_Data below:_

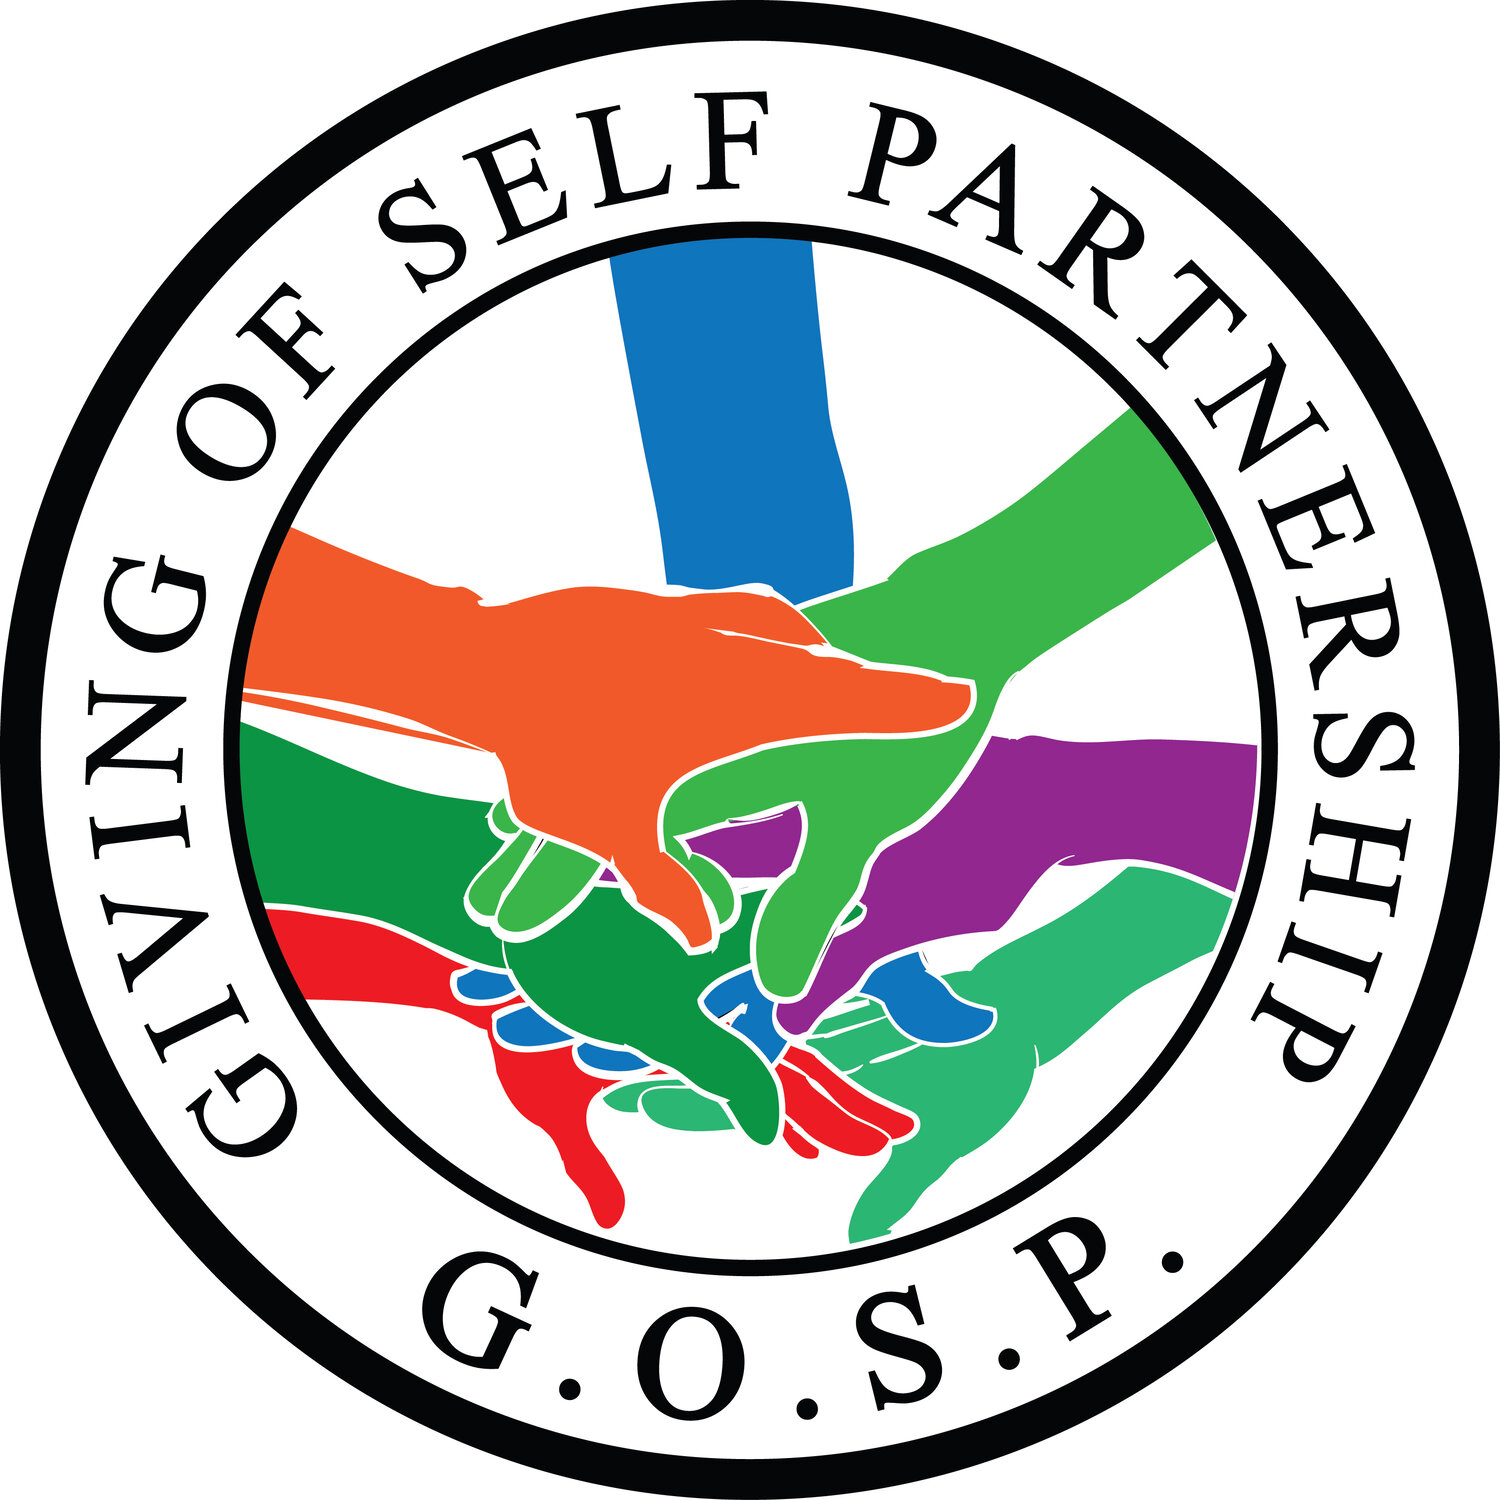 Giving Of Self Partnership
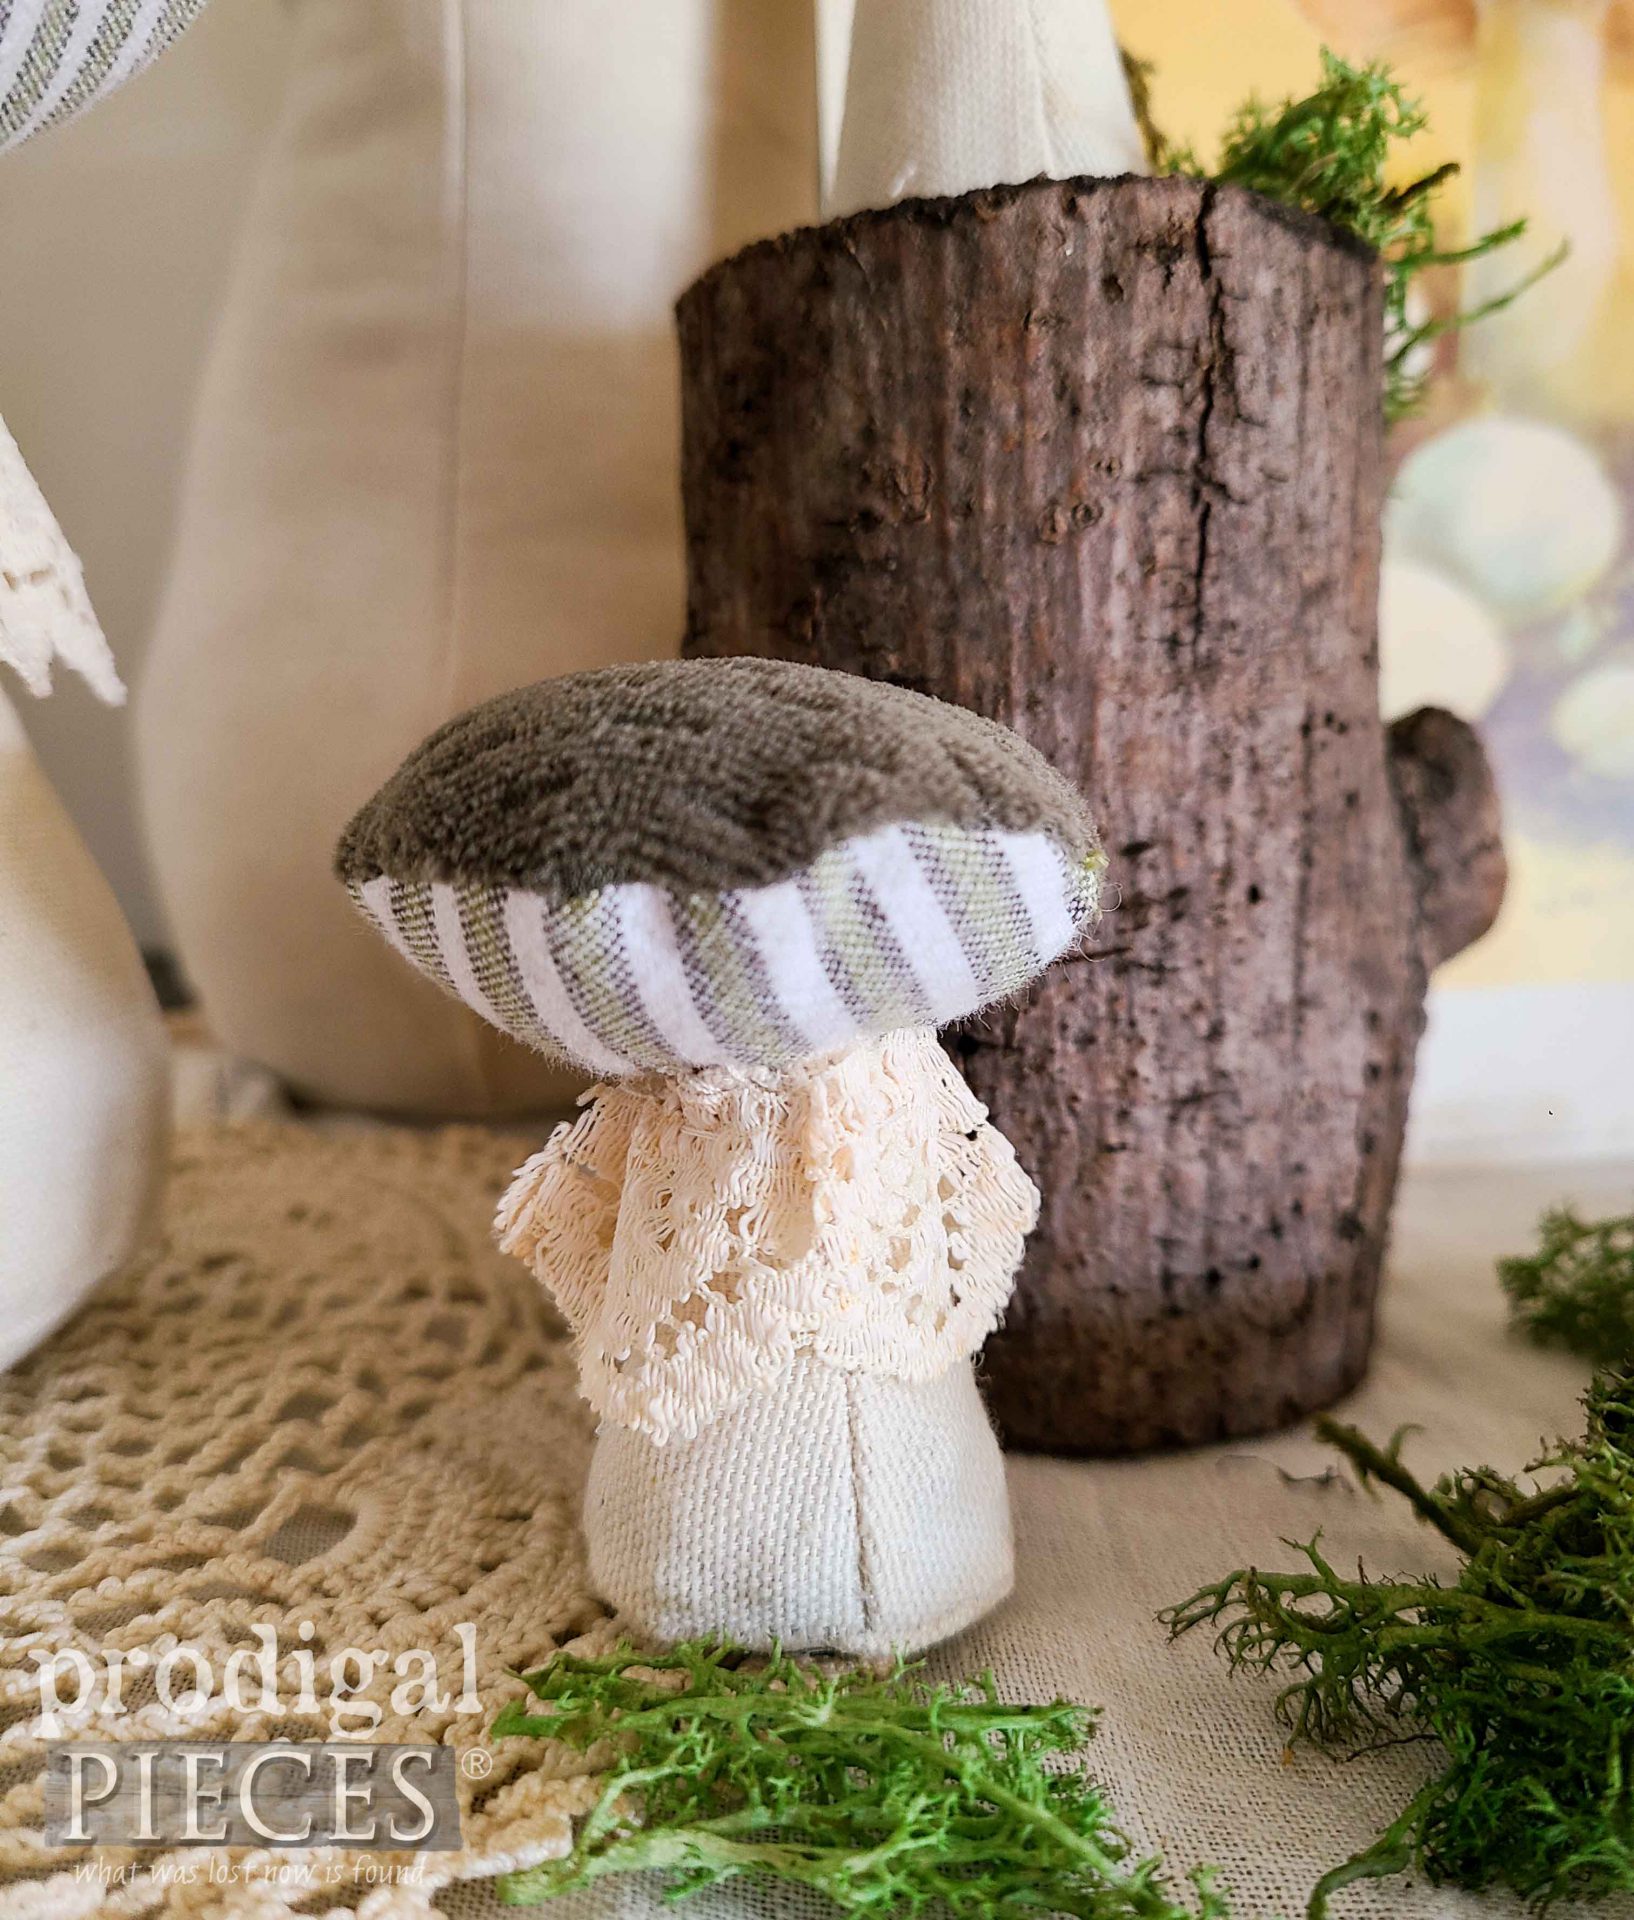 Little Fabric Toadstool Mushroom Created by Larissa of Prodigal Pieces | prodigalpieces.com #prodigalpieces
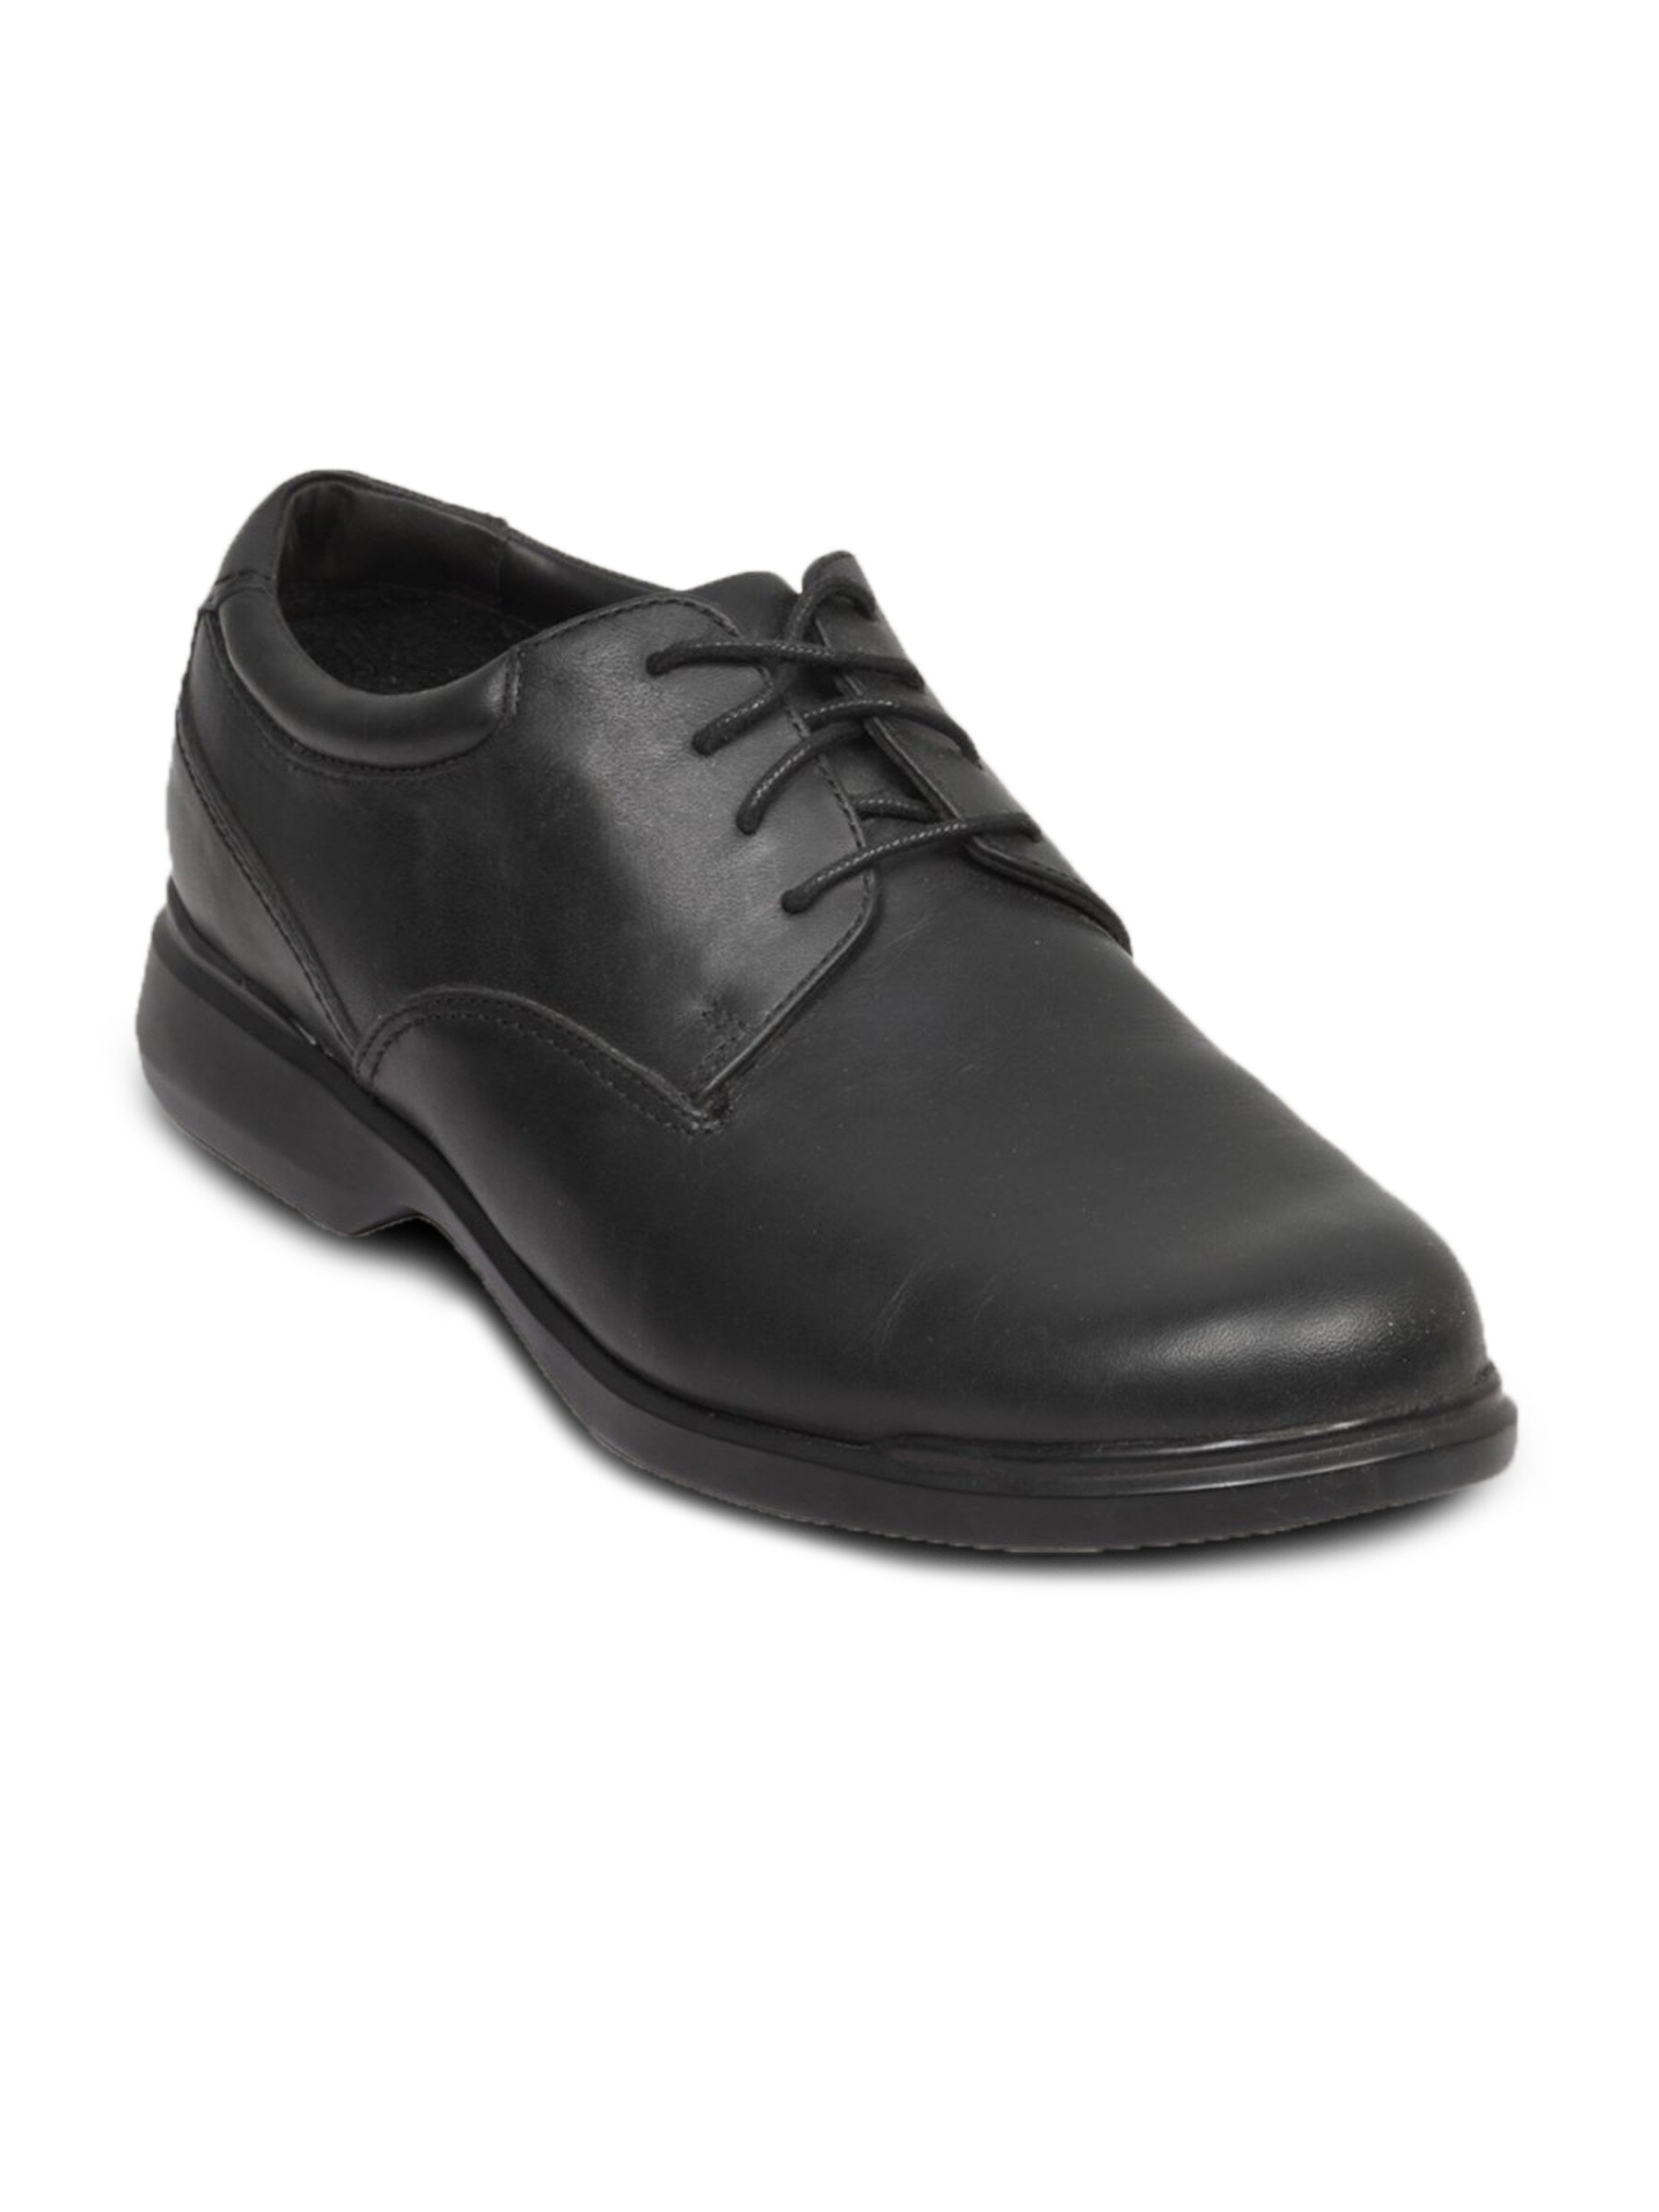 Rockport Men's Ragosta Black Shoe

_What you have to do:_ Retype precisely, and only, the lines from the one holding "Little Fabric Toadstool" through the final line of the data above, with the pictures omitted.

_Exercise response:_
 Little Fabric Toadstool Mushroom Created by Larissa of Prodigal Pieces | prodigalpieces.com #prodigalpieces
 Rockport Men's Ragosta Black Shoe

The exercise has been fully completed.